現実逃避で、Martin FowlerのBlogを無断邦訳してみた...ちょっと古い記事だけど、その後画期的な生産性指標が発見されたとは聞いてないので、今でも使える話でしょ。

我々はソフトウェア開発プロセスだとか、設計プラクティスだとかの話題になるとついつい感情的な議論を始めちゃうけどさ。こういう議論の多くは実は結論を出せないんだな。なぜなら、我々がいるソフトウェア業界というのは、ソフトウェア開発の効率を測定するという極々基本的な要素を欠いているからなんだよね。


もちろんここでいう生産性とは、ある活動における入力と出力とを観測することで定まる「何か」だよ。つまり、ソフトウェアの生産性を測定するには、ソフトウェア開発における出力を測定する必要があるわけだ。生産性を測れないというのは、実はこの出力を測れないことに理由があるんだな。

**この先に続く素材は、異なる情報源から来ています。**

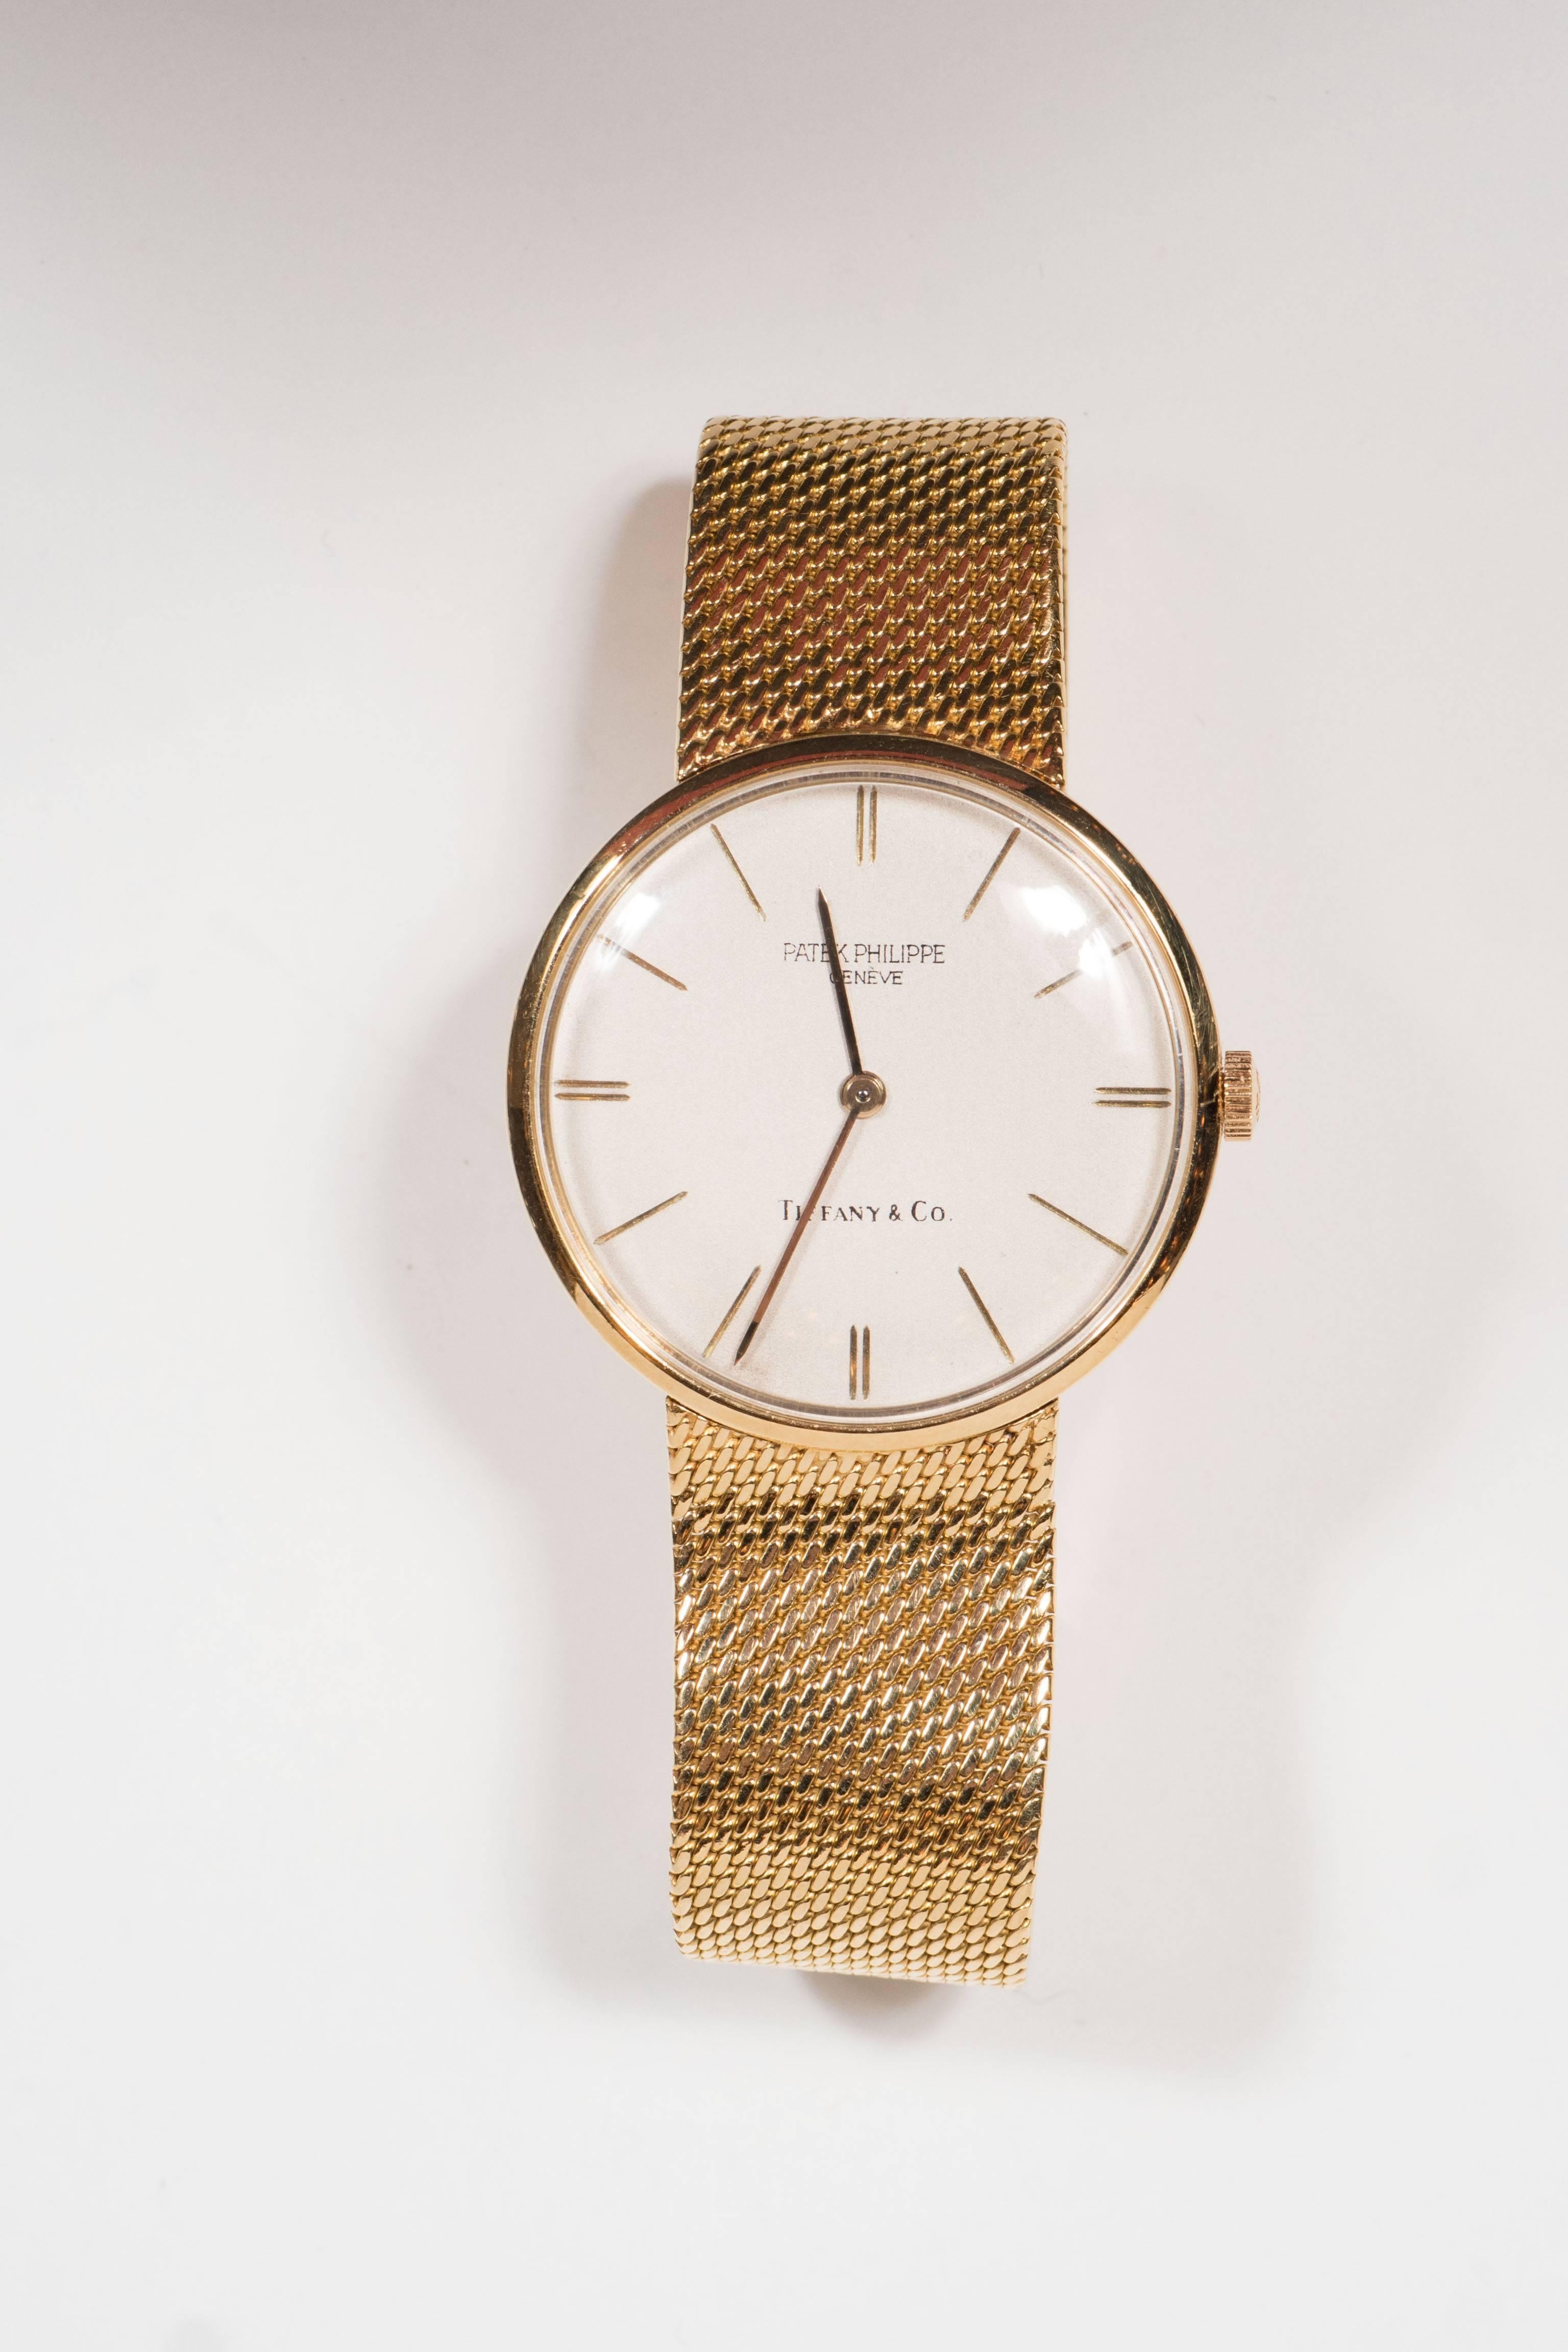 This Mid-Century modernist wristwatch is manual movement by Patek Phillipe, with a case diameter  of 32mm, dial and clasp signed Patek Phillipe and dial additionally signed Tiffany & Co. It can be worn unisex. The bracelet is a gold mesh and it fits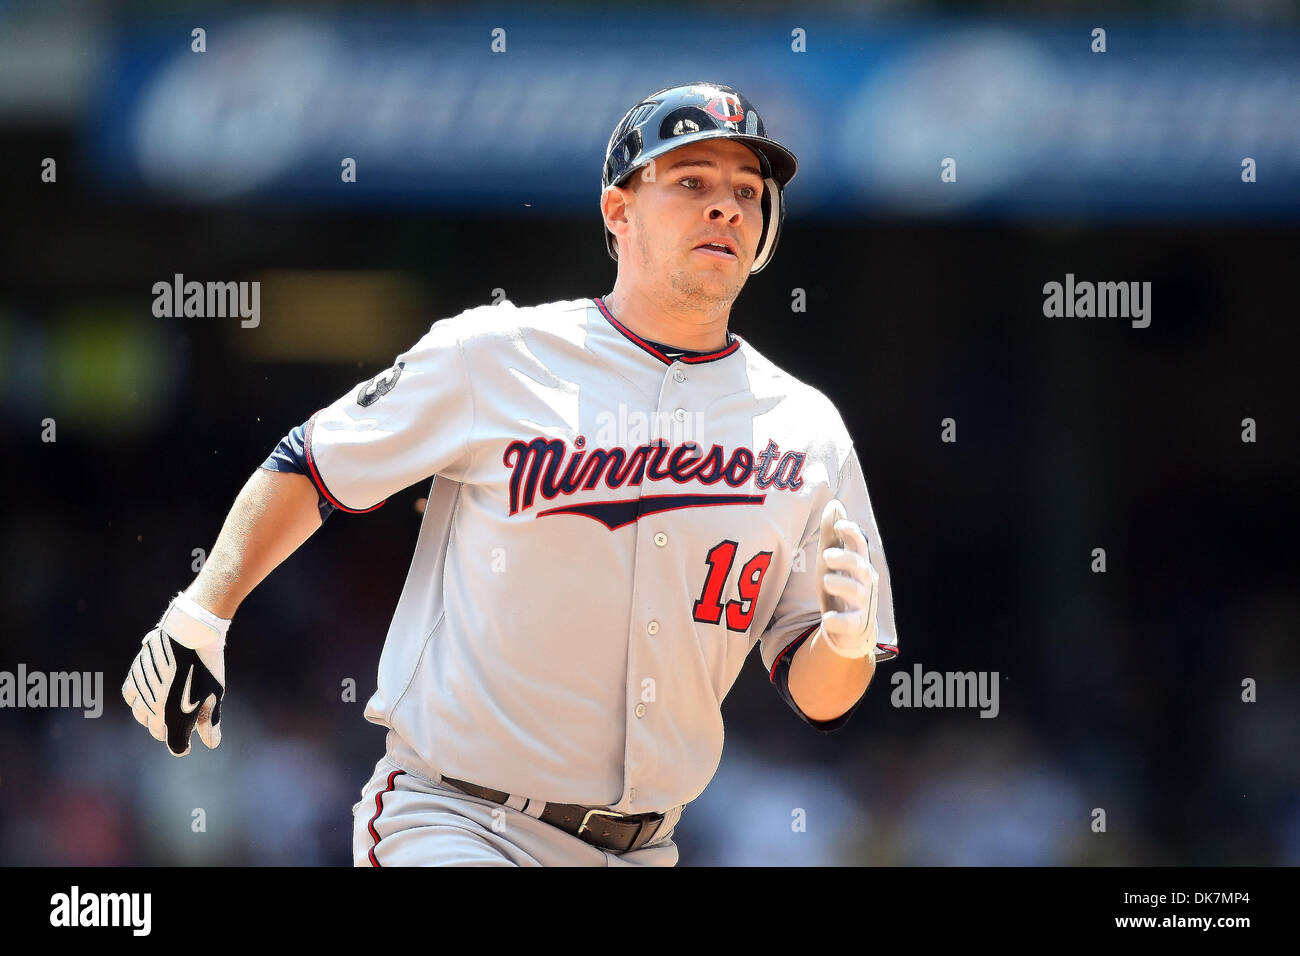 June 26, 2011 - Milwaukee, Wisconsin, U.S - Minnesota Twins third baseman Danny Valencia #19 rounds second base after hitting a triple in the 2nd inning. The Milwaukee Brewers defeated the Minnesota Twins 6-2 at Miller Park in Milwaukee. (Credit Image: © John Fisher/Southcreek Global/ZUMAPRESS.com) Stock Photo

測れない、というのは、みんなが試さない、ということじゃないよ。自分がイライラしちゃうことの一つに、コードの行数(LOC)で生産性を測定しようとする研究がいろいろあることなんだ。LOCで出力を計測することの問題としては、例えば、言語の違い、行数を勘定する基準の差異、書式の差異などがある。仮に同じ言語で標準的な書式に統一したとしても、LOCは出力の測定には向いてないんだ。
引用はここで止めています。